Lueurs d’une aube nouvelle

Ce matin, la vie un long instant suspendue, a repris son cours. Lentement, prudemment. Comme la nuit fait peu à peu place au jour. Comme l’enfant ouvre les yeux et s’arrache au sommeil. « Un jour nouveau commence… » (hymne du bréviaire). Nous verrons d’autres nuits. C’est le cycle de la vie ! Mais, goûtons pour l’instant cette « aube nouvelle » qui se lève, timidement encore, sur un monde qui n’y croit pas encore.

Le réveil n’est pas des plus doux, il faut le dire. Et nos premiers pas « dehors » ont la saveur d’un lendemain de guerre : les traces de son passage sont encore là et la paix pas encore vraiment acquise. L’ennemi s’est replié, mais a-t-il dit son dernier mot ? Rien n’est moins certain. Et l’on craint qu’il réapparaisse pour frapper encore, frapper encore plus fort. Qui sait ?

« Un jour nouveau commence, un jour reçu de toi, Père. Nous l’avons remis d’avance en tes mains tel qu’il sera. » Cette hymne du matin, que nous chantons à l’office au « temps ordinaire », n’est pas moins extraordinaire si je comprends qu’elle m’invite à entrer dans le regard de Dieu. Dans la volonté de Dieu. À regarder à partir de Dieu et le moins possible à partir de moi.

Un jour nouveau commence sur la terre. Un cadeau, quand on y songe ! La « nuit » que nous avons connue aurait pu finir en cauchemar — et c’est sans doute comme cela que les victimes de la pandémie l’ont vécu. Chaque nouveau jour est un don de Dieu, un don pour lequel nous devons nous montrer reconnaissants. Infiniment. Et dignes de le recevoir.

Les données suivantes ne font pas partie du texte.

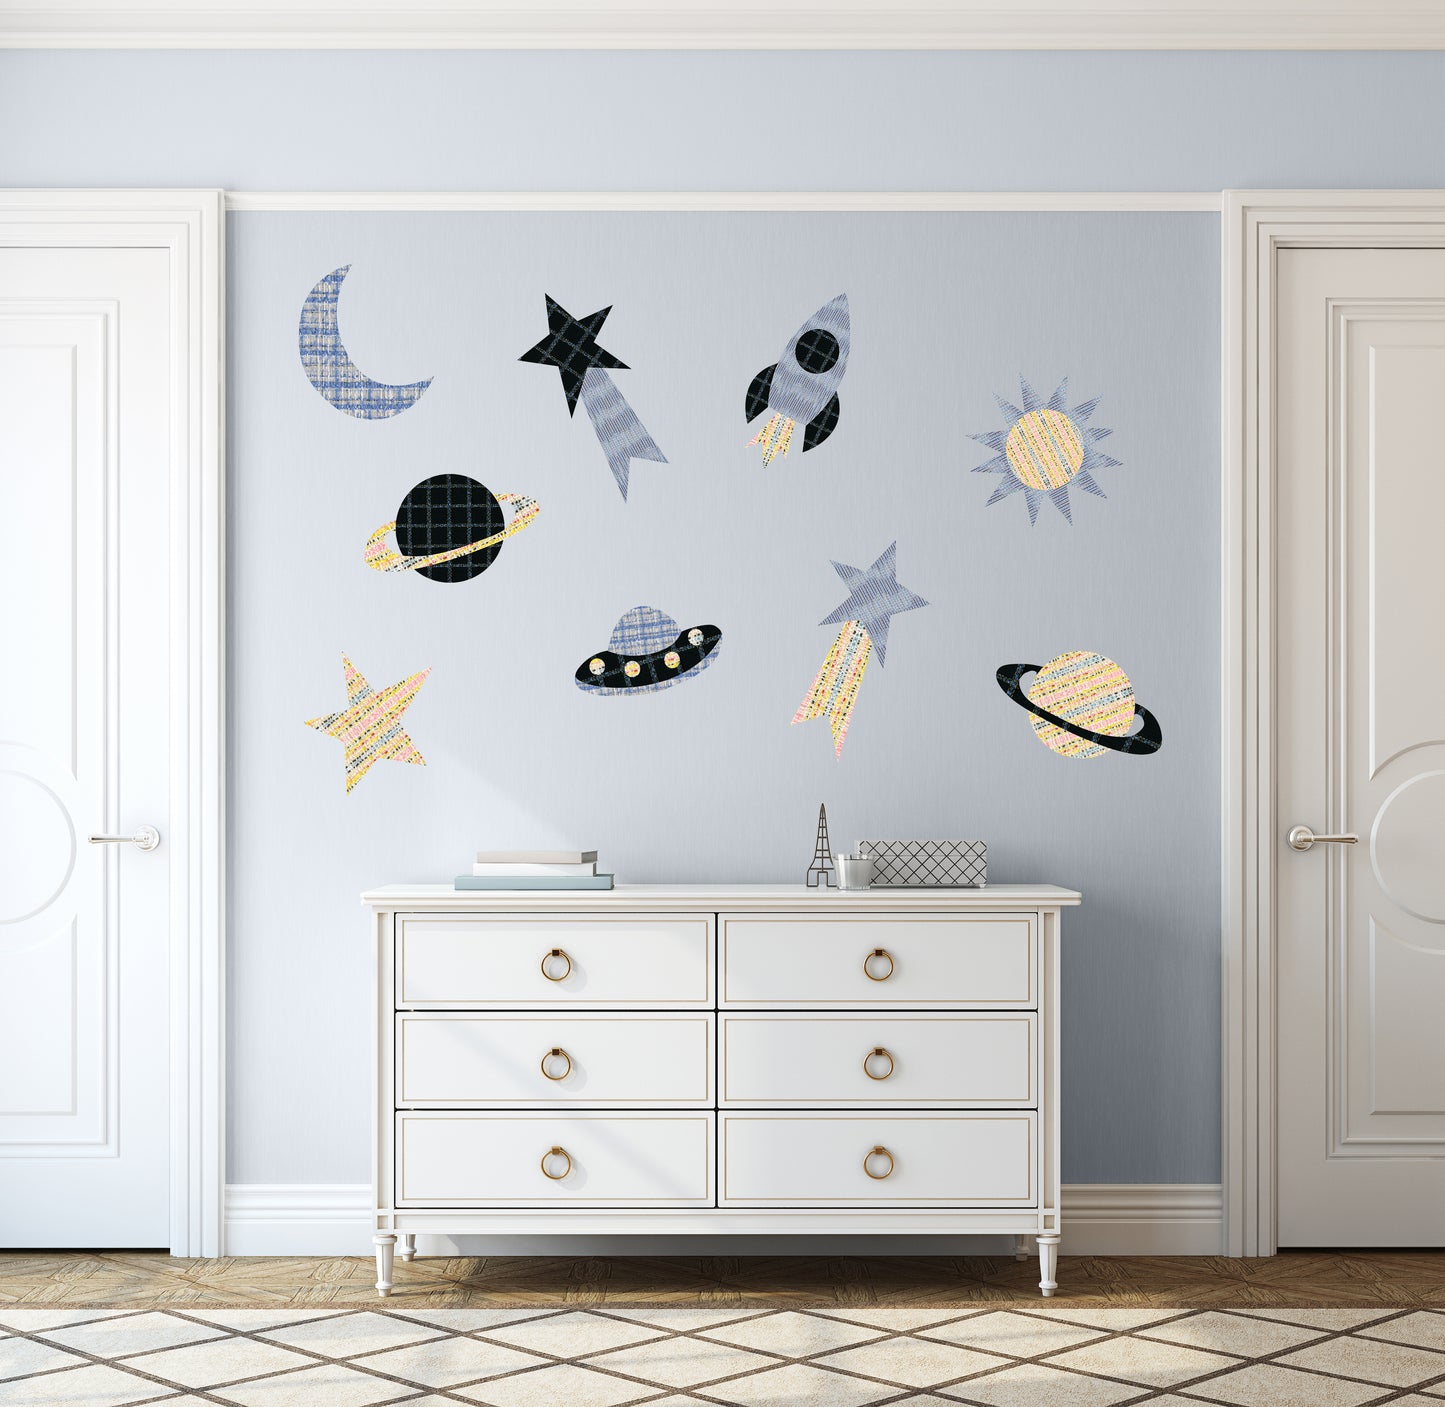 Space Wall Decal Set

Sans doute la « nuit » a-t-elle pu paraître douce à certains, jeunes ou moins jeunes, qui vont devoir reprendre la route après des semaines à l’abri de la chaleur du foyer.

Quoi qu’il en soit, nous entrons dans un « jour d’après » qui ne peut être la répétition du « jour d’avant ». Dans notre sommeil, le Seigneur nous a-t-il parlé ? Je devrais dire : l’avons-nous laissé nous parler et enseigner ce qu’il « veut » nous dire ?

« J’écoute : que dira le Seigneur Dieu ? Ce qu’il dit, c’est la paix pour son peuple et ses fidèles ; qu’ils ne reviennent jamais à leur folie ! » (Psaume 84, 9) Oh, la sagesse des psaumes ! C’est à ce monde de fous que le Seigneur s’est adressé aujourd’hui, comme il le fit autrefois avec Ninive par la voix du prophète Jonas.

La vie, une vie plus ordinaire va reprendre, c’est certain et c’est même à espérer. Déjà, les magasins rouvrent leurs portes, les routes rugissent à nouveau, et nos églises vont bientôt se remplir. Mais ce temps de Pâques, dans lequel nous sommes, pousse sans cesse le croyant à chercher à le vivre dans les lueurs de l’aube de la résurrection. « La nuit est bientôt finie, le jour est tout proche. Rejetons les œuvres des ténèbres, revêtons-nous des armes de la lumière », dit Saint Paul (Romains 13, 12), qui en connaissait un rayon en matière de « nuits » !

Quand nous allons nous revoir, toi mon frère, toi ma sœur, tu auras changé. Tu trouveras toi aussi que j’ai changé. Et plaise à Dieu que brille un peu plus sur nos visages la lumière de Pâques, la lumière du Seigneur de la paix. La lumière d’une aube nouvelle.